Rapid, efficient auxin-inducible protein degradation in Candida pathogens

Abstract

ABSTRACT A variety of inducible protein degradation (IPD) systems have been developed as powerful tools for protein functional characterization. IPD systems provide a convenient mechanism for rapid inactivation of almost any target protein of interest. Auxin-inducible degradation (AID) is one of the most common IPD systems and has been established in diverse eukaryotic research model organisms. Thus far, IPD tools have not been developed for use in pathogenic fungal species. Here, we demonstrate that the original AID and the second generation, AID2, systems work efficiently and rapidly in the human pathogenic yeasts, Candida albicans and Candida glabrata . We developed a collection of plasmids that support AID system use in laboratory strains of these pathogens. These systems can induce >95% degradation of target proteins within minutes. In the case of AID2, maximal degradation was achieved at low nanomolar concentrations of the synthetic auxin analog 5-adamantyl-indole-3-acetic acid.

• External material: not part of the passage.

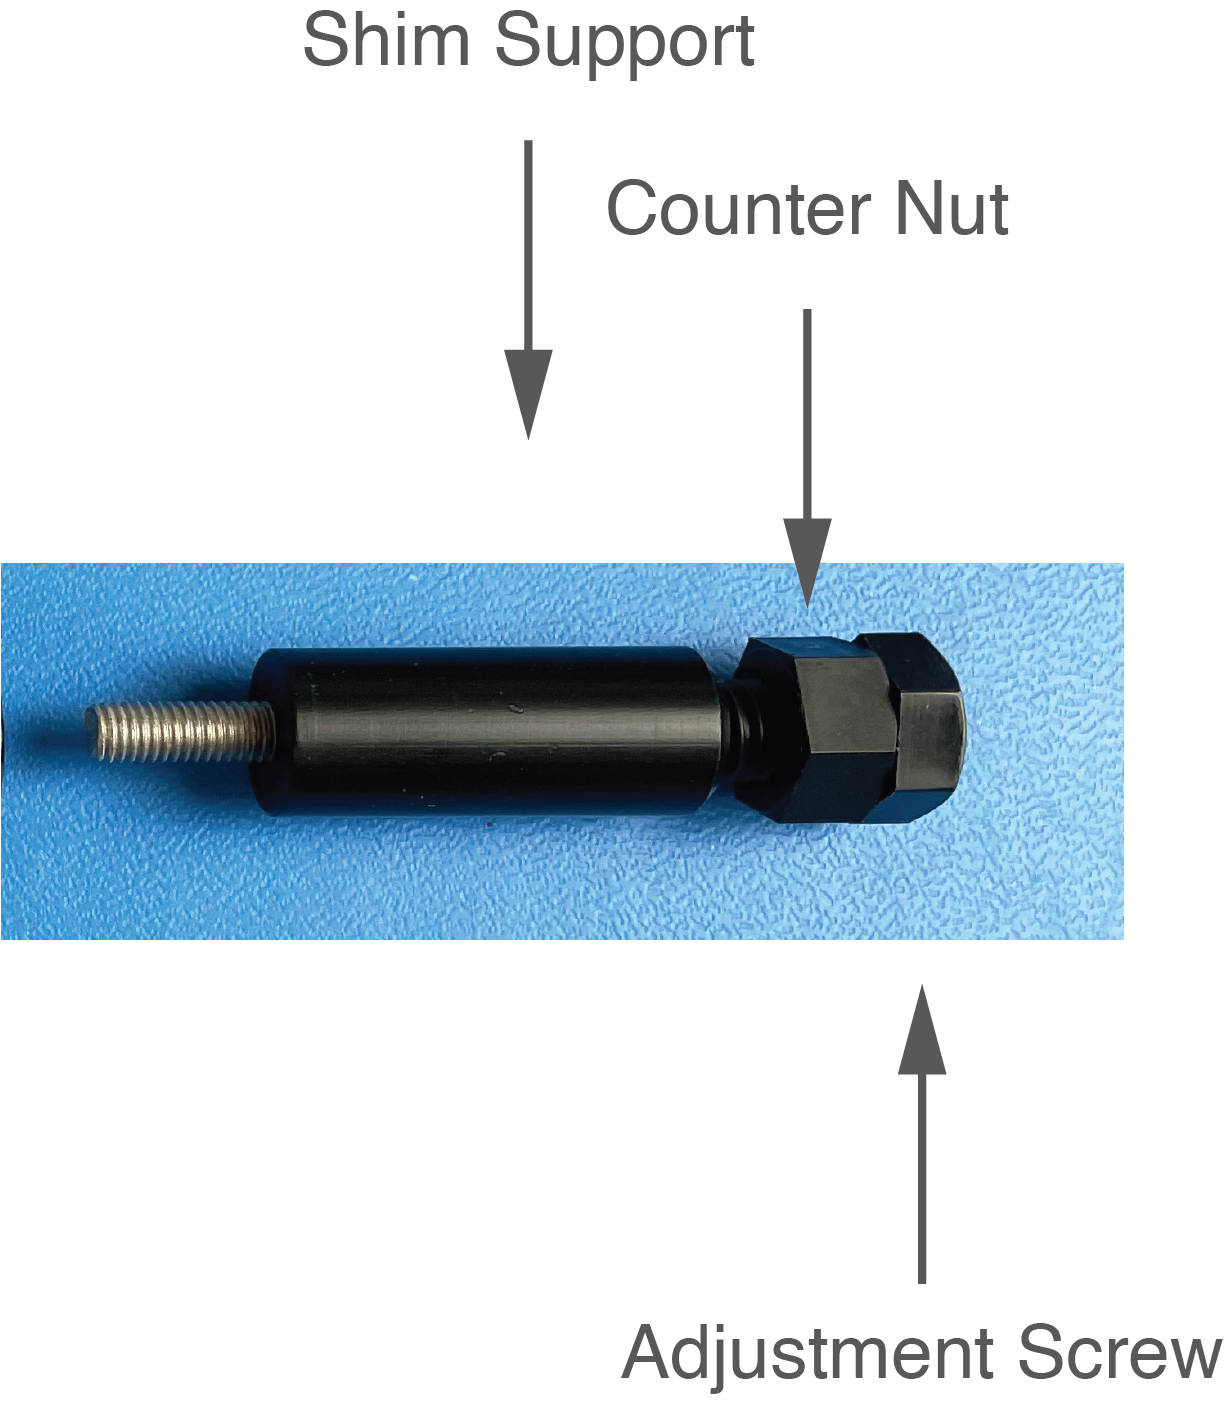 Shim Supports with adjustment screw and counter nut

Auxin-induced target degradation successfully phenocopied gene deletions in both species. The system should be readily adaptable to other fungal species and to clinical pathogen strains. Our results define the AID system as a powerful and convenient functional genomics tool for protein characterization in fungal pathogens. IMPORTANCE Life-threatening fungal infections are an escalating human health problem, complicated by limited treatment options and the evolution of drug resistant pathogen strains. Identification of new targets for therapeutics to combat invasive fungal infections, including those caused by Candida species, is an urgent need. In this report, we establish and validate an inducible protein degradation methodology in Candida albicans and Candida glabrata that provides a new tool for protein functional characterization in these, and likely other, fungal pathogen species. We expect this tool will ultimately be useful for the identification and characterization of promising drug targets and factors involved in virulence and drug resistance.